As debates arise over how best to address climate change, “I think we all have to come to an honest conclusion as to what the priorities of the different energy sources are and what has the lowest impact and trust the data and work together to communicate that,” he said.
Book framed the current political debate in the United States over the future of fossil fuels, where some Democratic presidential candidates have staked out positions against oil and gas development, as a sign that the country has “prospered significantly in energy.”
“We’re starting to see opposition show up in places where it hasn’t been, and that’s partially because the country is richer and energy is a smaller part of our wallet share,” Book said. “There are new ways to think about energy as a given. Maybe we shouldn’t be so comfortable with it, but we are. It’s produced opposition that wouldn’t necessarily have been there where there was more economic risk.”
Of course, the debate over the role of natural gas in a lower carbon future does not end at the U.S. border.
“It’s not just what’s happening inside the country that matters, it’s also what’s going on in the world,” Book said. “...Gas as a solution is an equal part, if not a large part, of the climate risk story for a lot of countries that are going to be buyers” of liquefied natural gas from countries like the United States. “But building the infrastructure to convey the gas to those markets” may only continue to increase in difficulty.
When the proverbial political pendulum swings back in the other direction, “it’s going to look less like a pendulum and maybe a little more like a catapult,” but even without a “political polarity shift” the prospect of carbon pricing in the United States carries “non-zero odds” depending on what overseas trading partners do, according to Book.
“Is it impossible that the U.S. might find itself in a place pricing carbon in the next five or 10 years...because our trade partners have put one on?” he said.
A proposal to ban fracturing in the United States might grab more headlines, but Moldenhauer said the greater political risk for the natural gas industry could come from political polarization at the Federal Energy Regulatory Commission. Under a hypothetical Democratic administration, the industry could find itself “looking at three very anti-fossil fuel commissioners” by the summer of 2020.

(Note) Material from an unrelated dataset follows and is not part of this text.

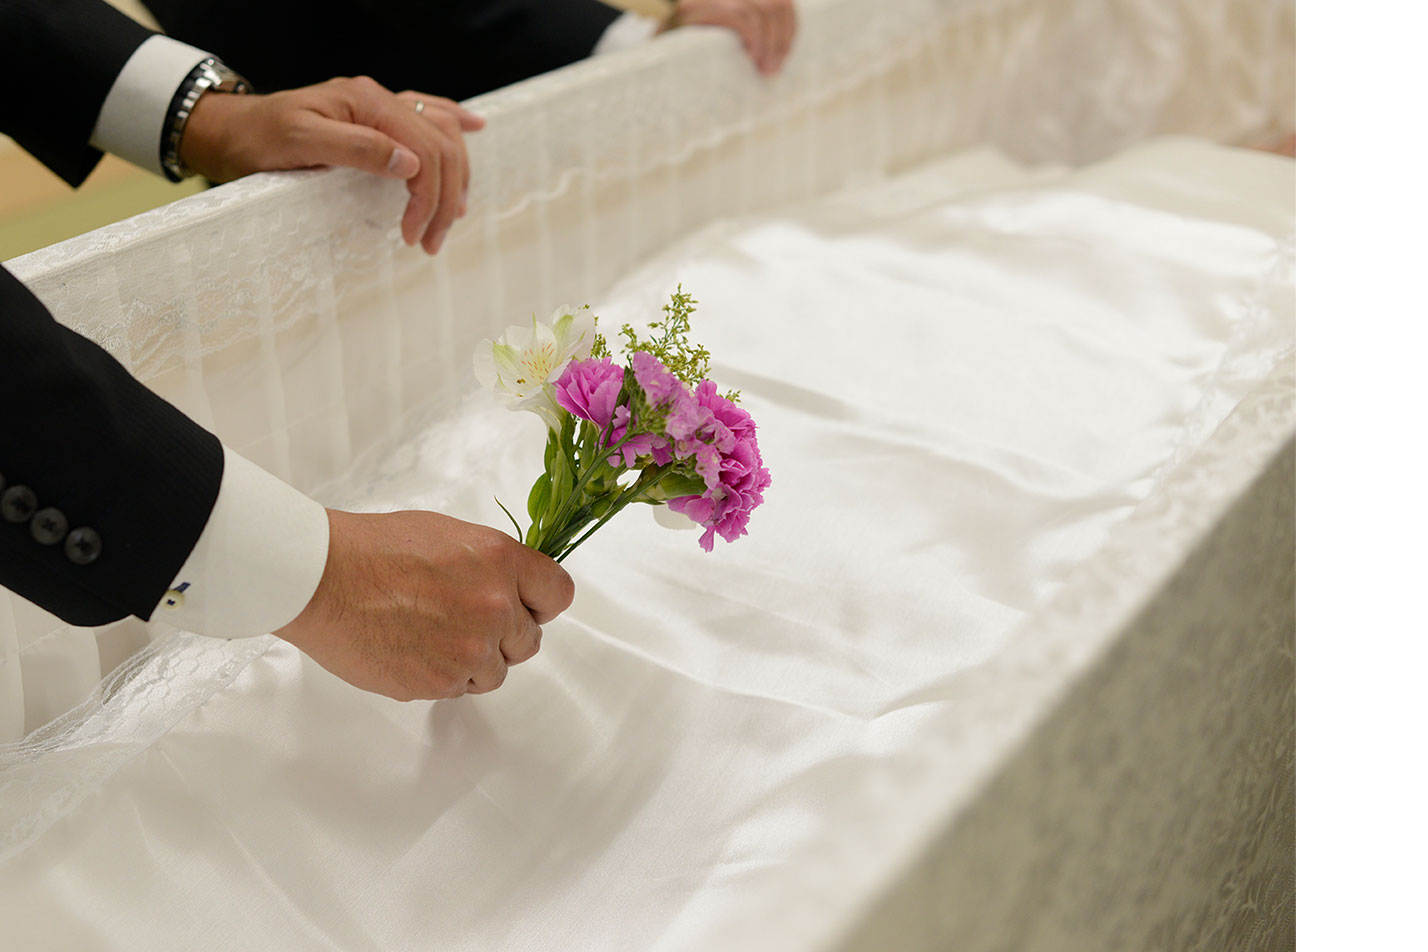  高松市における家族葬の流れとは？のイメージ画像

For companies that have already built infrastructure, “maybe that puts you in a very good position,” Moldenhauer said. “If you’re other companies looking to build infrastructure, it might put you in a very negative position.”
As for the commonly used claim that fossil fuel infrastructure shouldn’t be built because it locks in decades of future consumption, Book said it may be“a really well-founded argument” but it could ignore the broader context of the global energy system.
“Stuff’s built to last, and if you’re putting it in place, maybe you’re going to be moving hydrocarbons for the next 40-50 years,” Book said. “The answer is yes, and that’s not a bad thing. What you have to do is contextualize it against the vastness of energy demand globally and ask, where are the right resources, and where do they have to go to get to the right markets?”
There are no “serious, legitimate forecasts” about global energy demand concluding that the world won’t need any more Btus moving forward, Book said.
“We’re going to need a ton more,” he said. “So yes, there is a necessary understanding. We’re not done with hydrocarbons by any means. And actually, some of the infrastructure we may end up building may end up conveying supercritical” carbon dioxide back into the ground to a “stable rockbed well below the surface. People who take stuff out of the pores might be part of putting it back in later in the future. It’s a good skill set to have.”